◆ PROBLEM DESCRIPTION ◆
Pictures are to be excluded. Please print only the lines from the one containing "美斜勢力 – Audi" through the end of the data, exactly as they appear.

◆ DATA SEGMENT ◆
=======
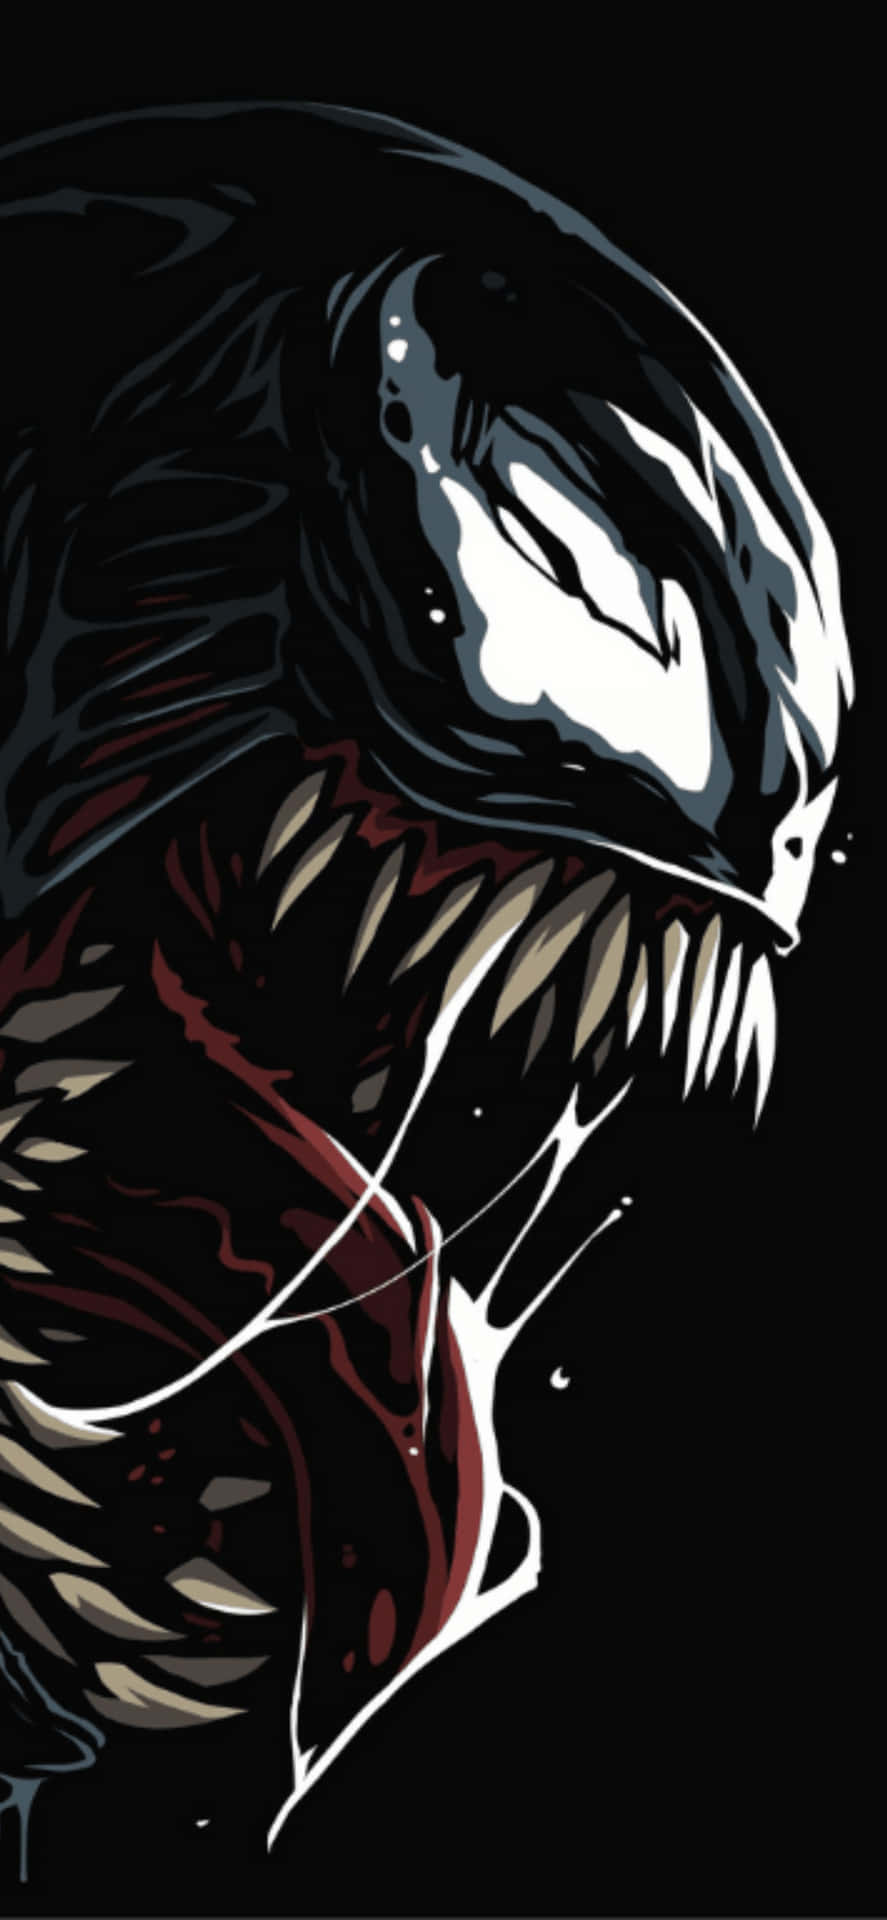 Venomhd-bakgrundsbild - Venom Hd-bakgrundsbild
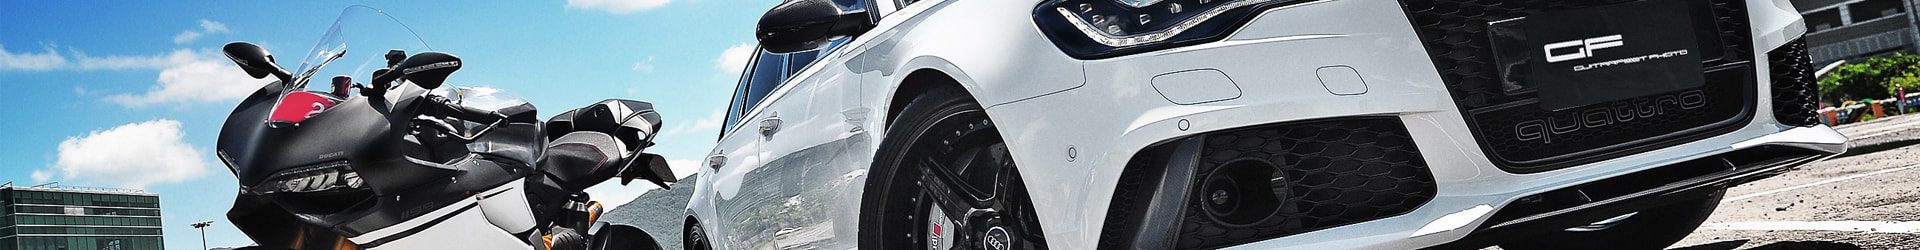 美斜勢力 – Audi Q3 Sportback 35 TFSI S-Line 強型出擊 圖文分享 By 吉他腳 GuitarFeet
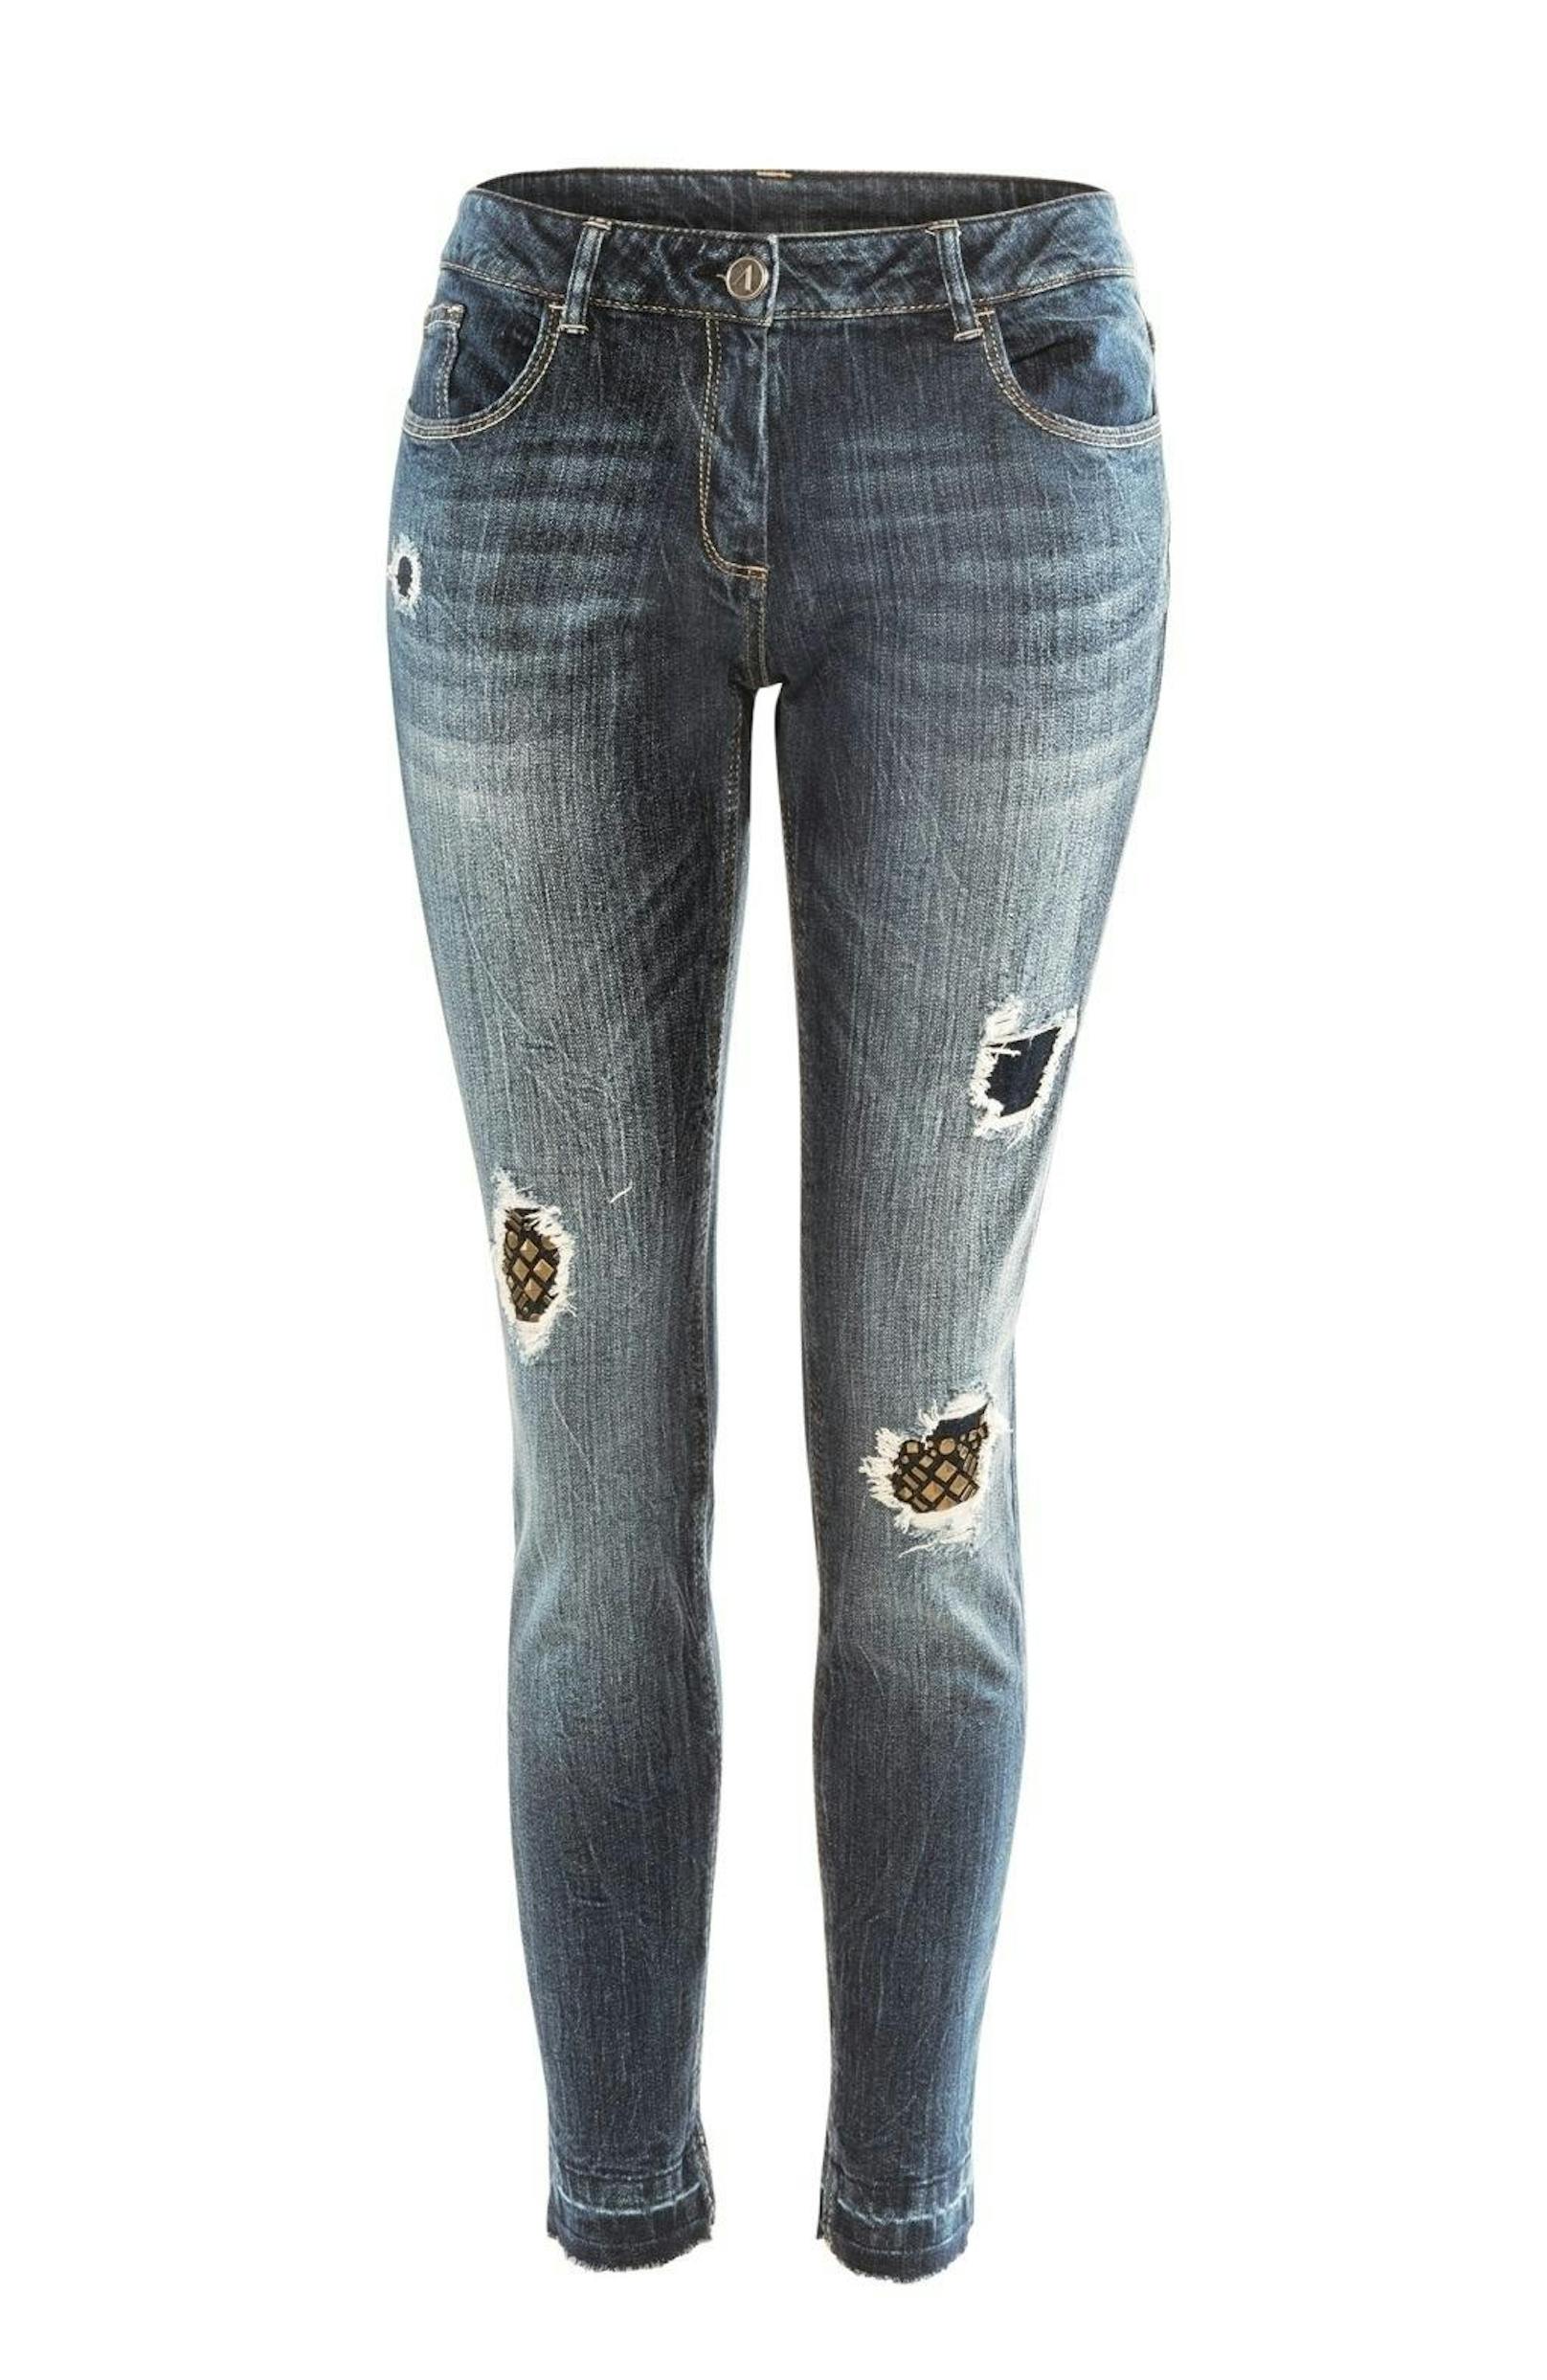 Damen-Jeans in Schwarz, Bordeaux, Mittelblau oder Blau, Große 36 bis 44, um 14,99 Euro
=======
◆ TASK RESPONSE ◆
 美斜勢力 – Audi Q3 Sportback 35 TFSI S-Line 強型出擊 圖文分享 By 吉他腳 GuitarFeet
 Damen-Jeans in Schwarz, Bordeaux, Mittelblau oder Blau, Große 36 bis 44, um 14,99 Euro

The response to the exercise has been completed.